Start from a Datadog Logs query shaped like:

text
status:error

Scope it to the review window and production environments in scope. Prefer the Datadog pattern/clustering view using the log message field as the clustering pattern field. Group or facet by service, env, and status when available, and sort by count descending. Review at least the top 10 patterns overall, plus any additional top pattern per production environment when the global top 10 is dominated by one env or service.
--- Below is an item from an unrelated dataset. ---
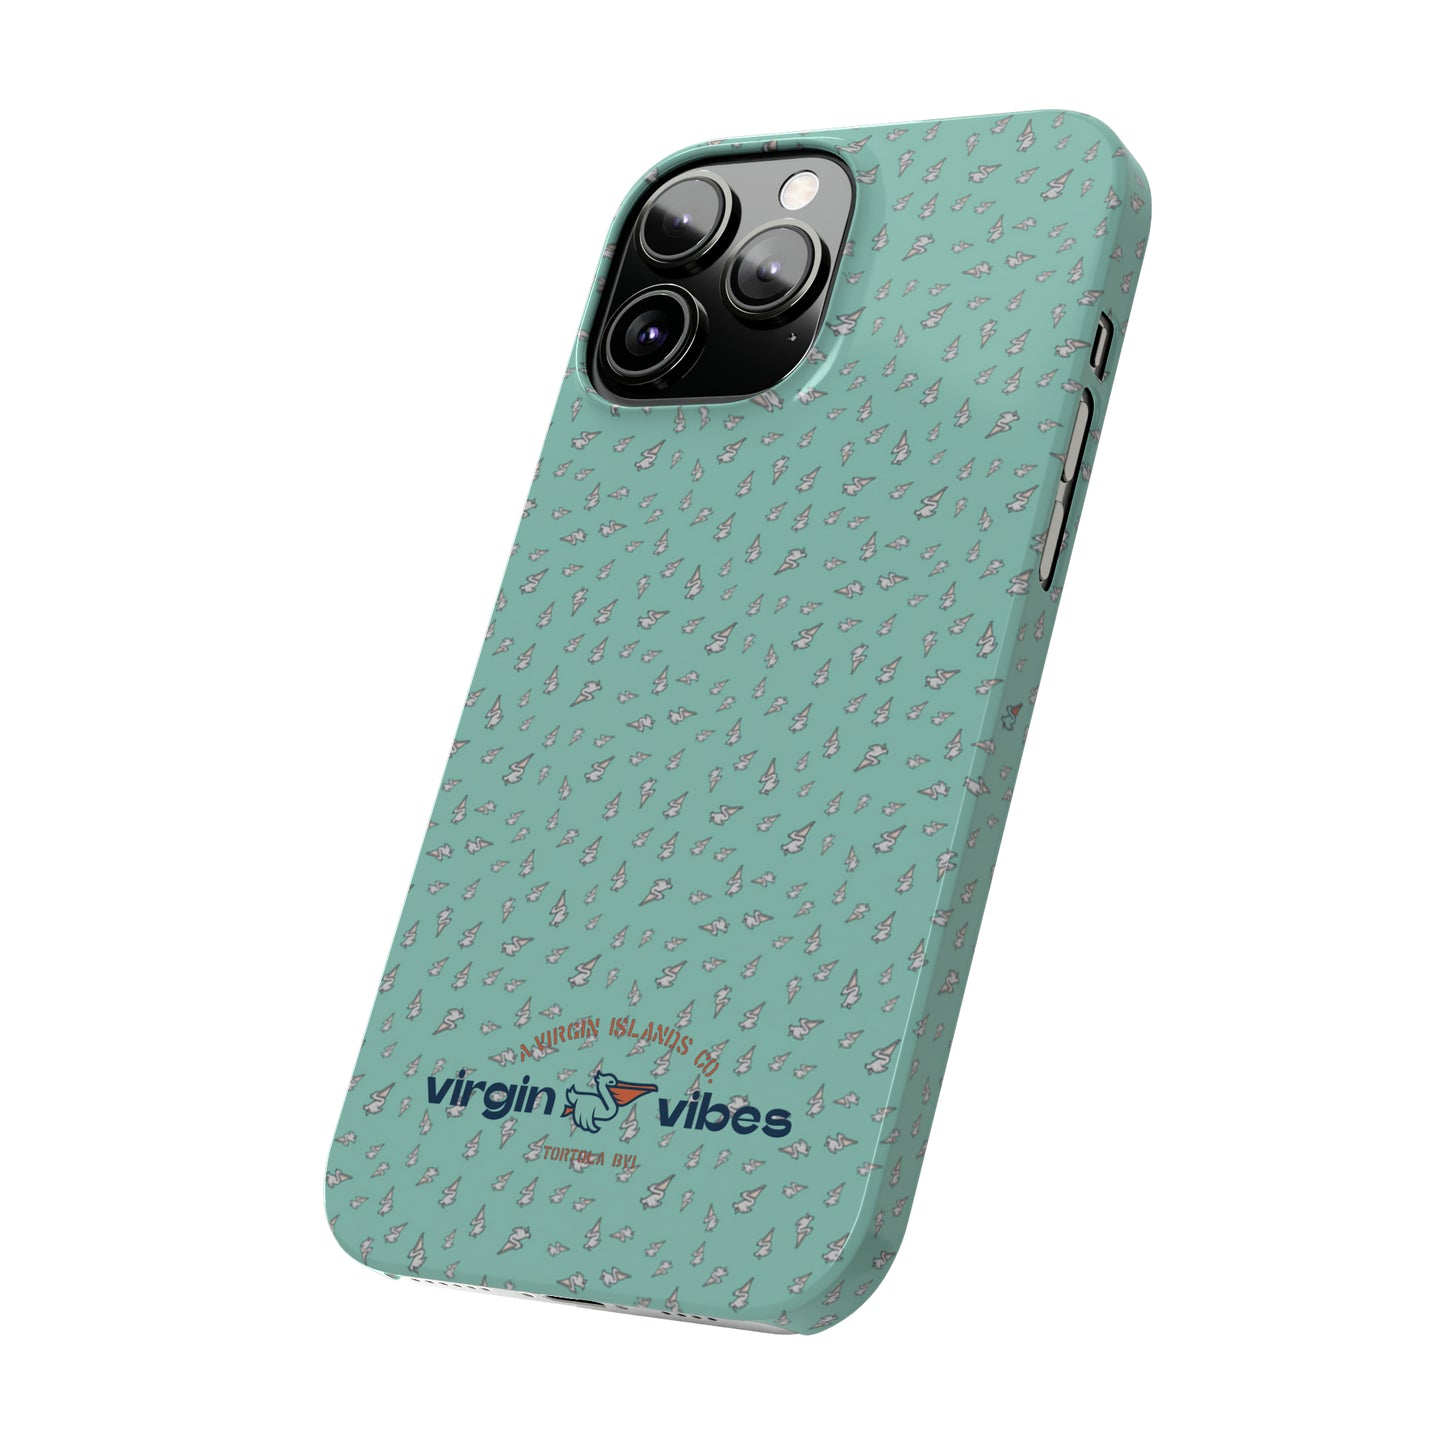 “Virgin Vibes | BVI” Slim iPhone Cases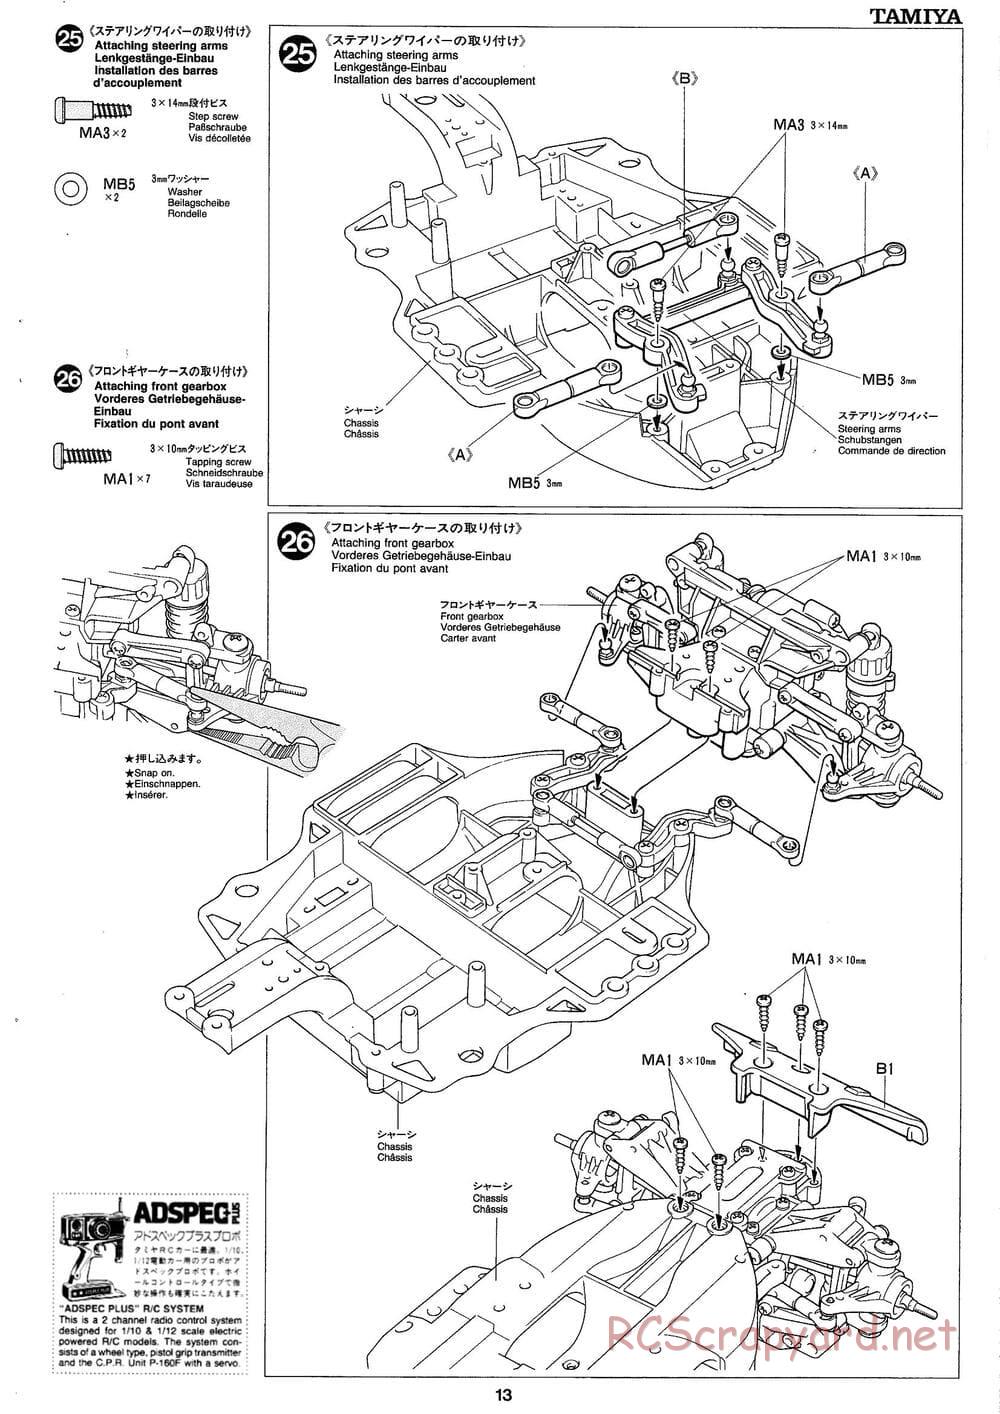 Tamiya - Mobil 1 NSX - TA-03R Chassis - Manual - Page 13

Exact Log PatternEnv / ServiceCount / ShareRepresentative ErrorRelated Signal / LinkDisposition

Column rules:

  • Exact Log Pattern: exact Datadog clustered pattern or exact raw log message. Preserve Datadog wildcard syntax such as [wildcard]...[/wildcard]. Do not paraphrase this column.
  • Env / Service: affected production envs and services.
  • Count / Share: count in the review window and share if available.
  • Representative Error: one exact short representative message, exception class, or stack/log summary. Avoid long stack traces.
  • Related Signal / Link: related Datadog alert row, trace, log query, incident.io incident, Linear issue, or none found.
  • Disposition: use known incident, tracked bug, needs investigation, expected/test, monitor noise, or unknown.

If a high-volume pattern maps to a failed API route or queue consumer, ensure the matching Datadog alert row includes the trace/log/error investigation. If a high-volume pattern has no alert/page row, keep it in this table anyway and mark it needs investigation or unknown based on evidence.

Output Format

Return valid Markdown only.

  • Use valid Markdown syntax for headings, links, and tables.
  • Include a space after list markers such as -, *, and 1..
  • Close links and parentheses correctly.
  • Do not emit malformed tables, dangling backticks, or partially opened code fences.
  • Escape table pipes inside log patterns or error messages when needed.
  • If a section would be fragile to format, prefer a plain paragraph over broken Markdown.